» DIRECTIONS FOR THIS TASK:
Beginning with the line containing "Début de l'hiver", write out each line exactly through the end of the listing, and skip all pictures.

Segment Start: SUPPLIED DATA

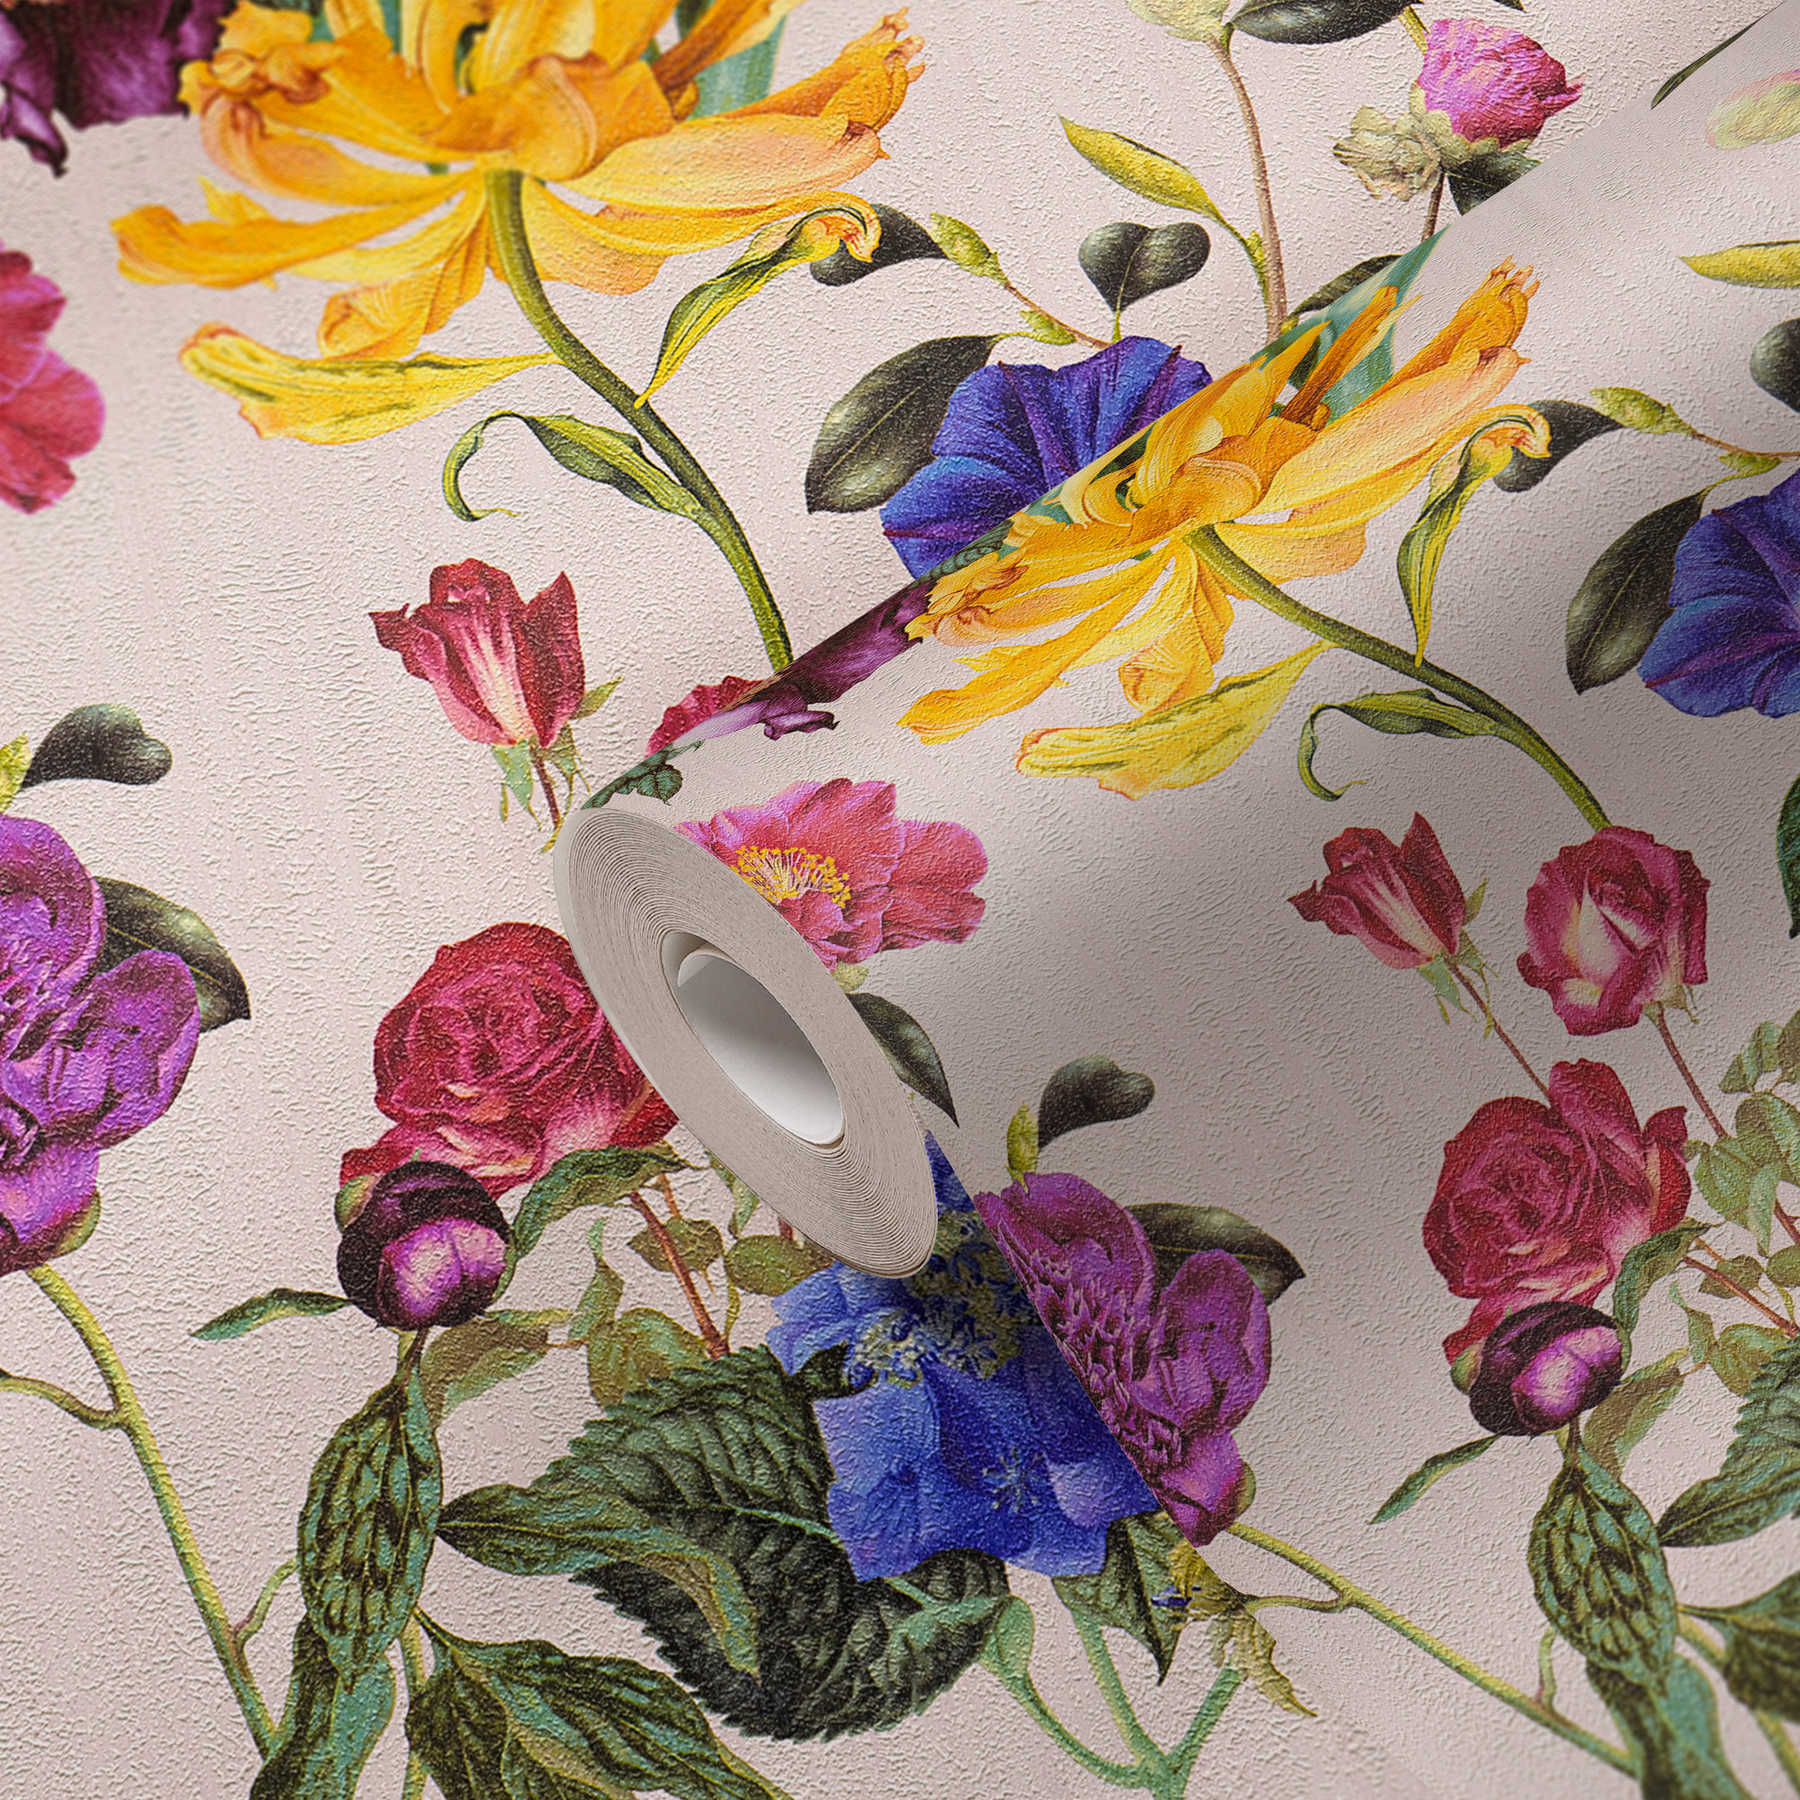             Bloesembehang met bloemen in felle kleuren - kleurrijk, groen, roze
        
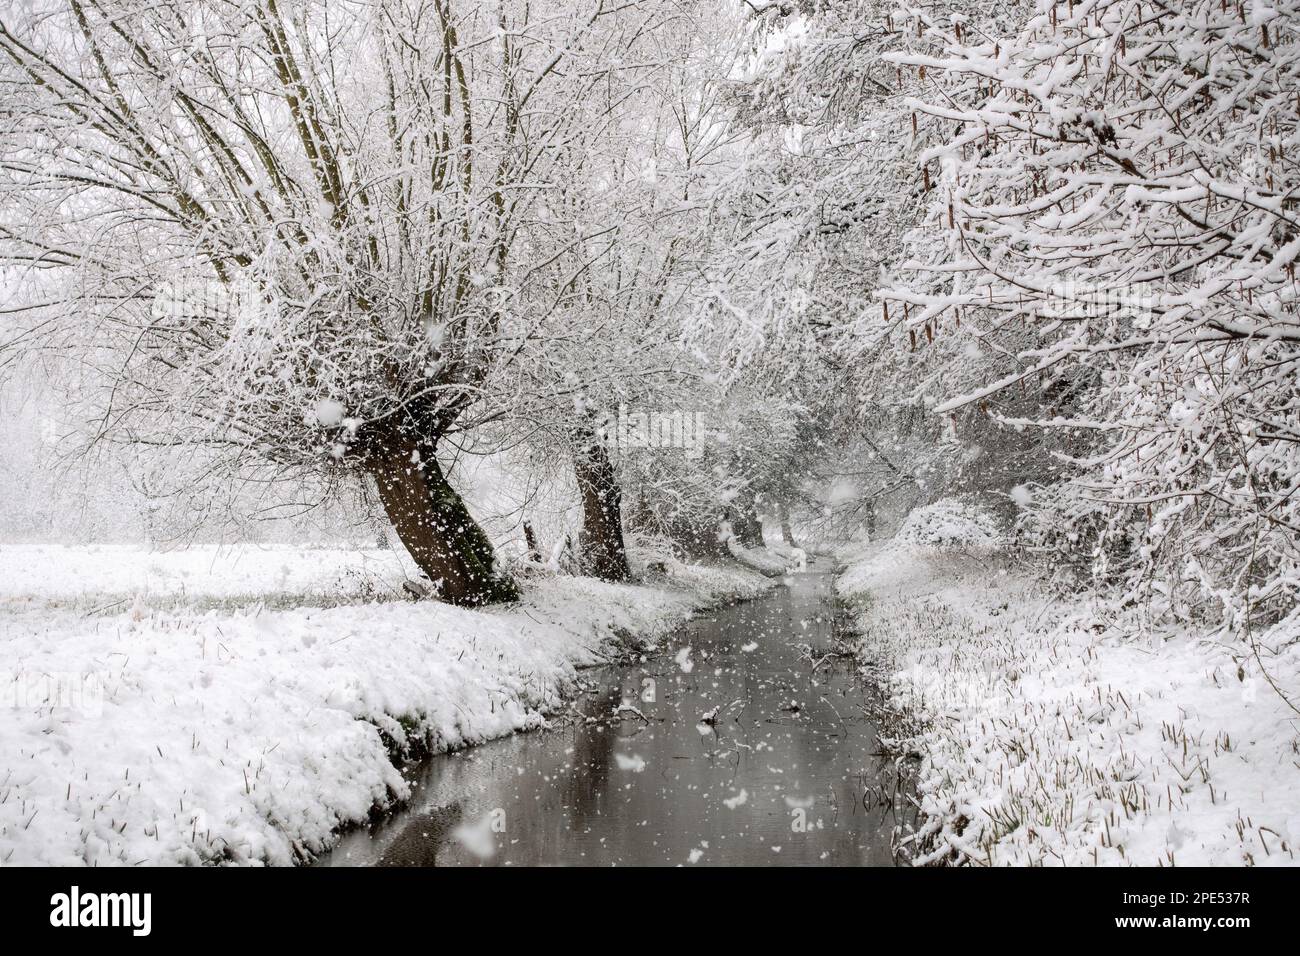 Début de l'hiver à Meerbusch, Rhénanie-du-Nord-Westfalia, Allemagne. Fortes chutes de neige dans une réserve naturelle, Ilvericher Altrheinschlinge près de Düsseldorf. Banque D'Images
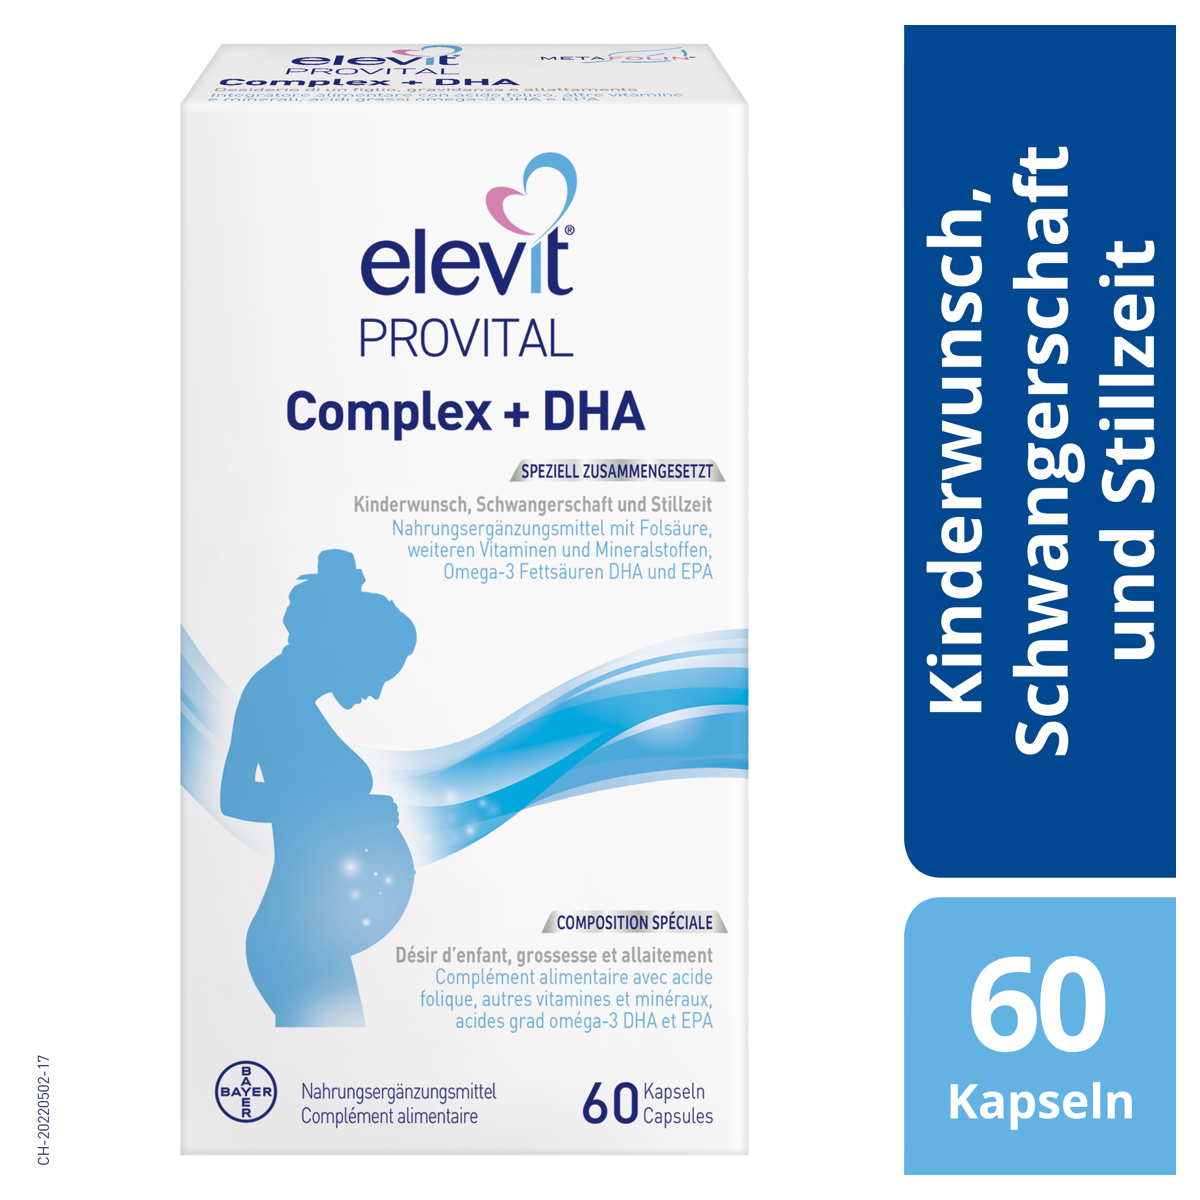 Elevit Provital Complex + DHA Multivitaminpräparat bei Kinderwunsch und für die Schwangerschaft und Stillzeit
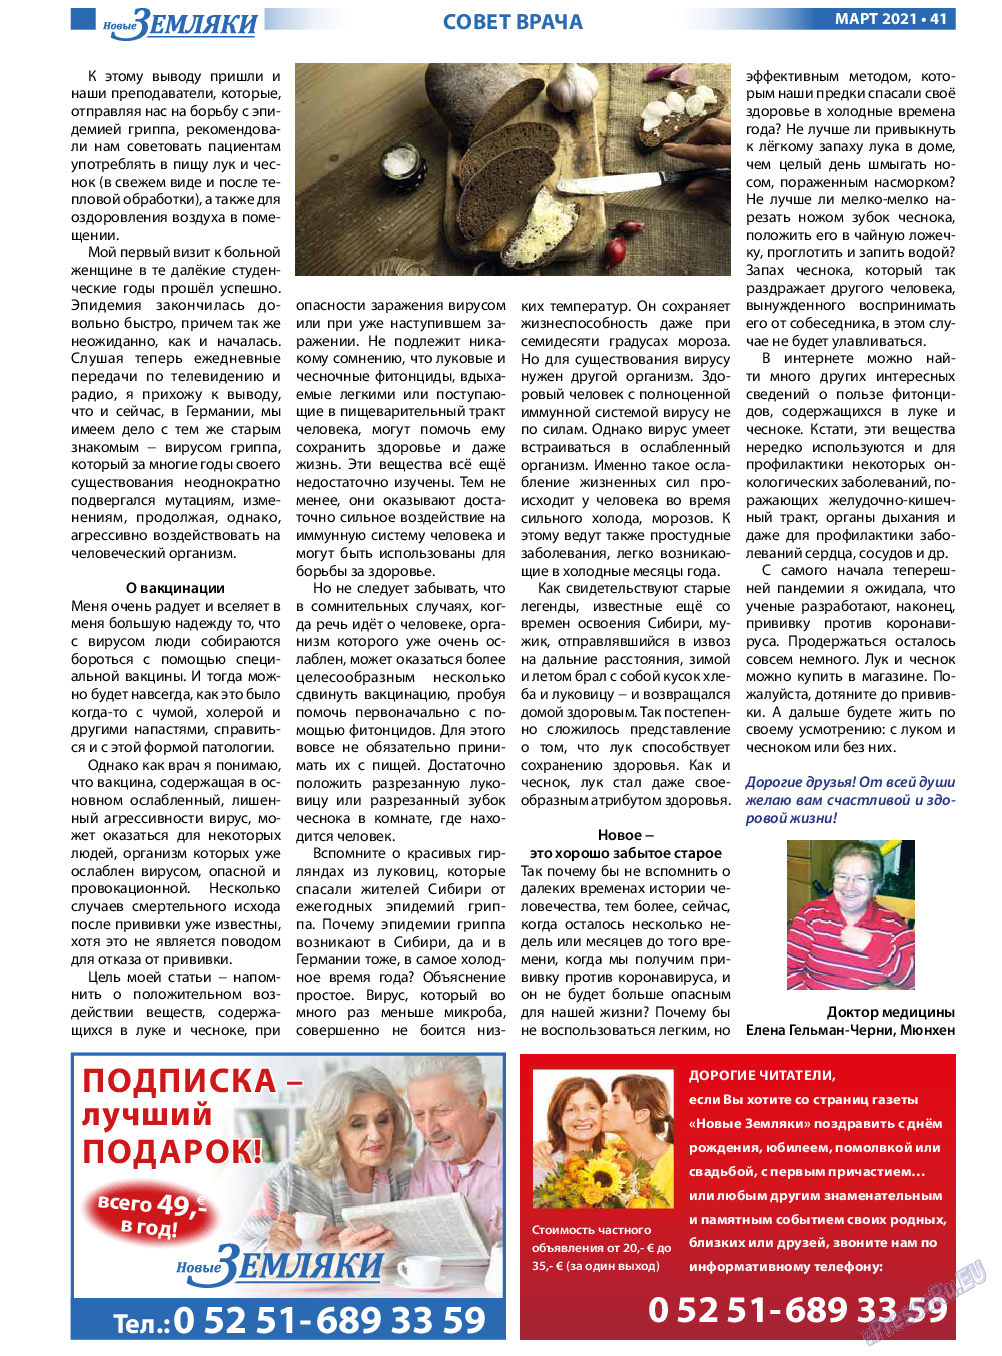 Новые Земляки, газета. 2021 №3 стр.41

Segment End: SUPPLIED DATA

» THE ANSWER:
 Début de l'hiver à Meerbusch, Rhénanie-du-Nord-Westfalia, Allemagne. Fortes chutes de neige dans une réserve naturelle, Ilvericher Altrheinschlinge près de Düsseldorf. Banque D'Images
 Elevit Provital Complex + DHA Multivitaminpräparat bei Kinderwunsch und für die Schwangerschaft und Stillzeit
 Новые Земляки, газета. 2021 №3 стр.41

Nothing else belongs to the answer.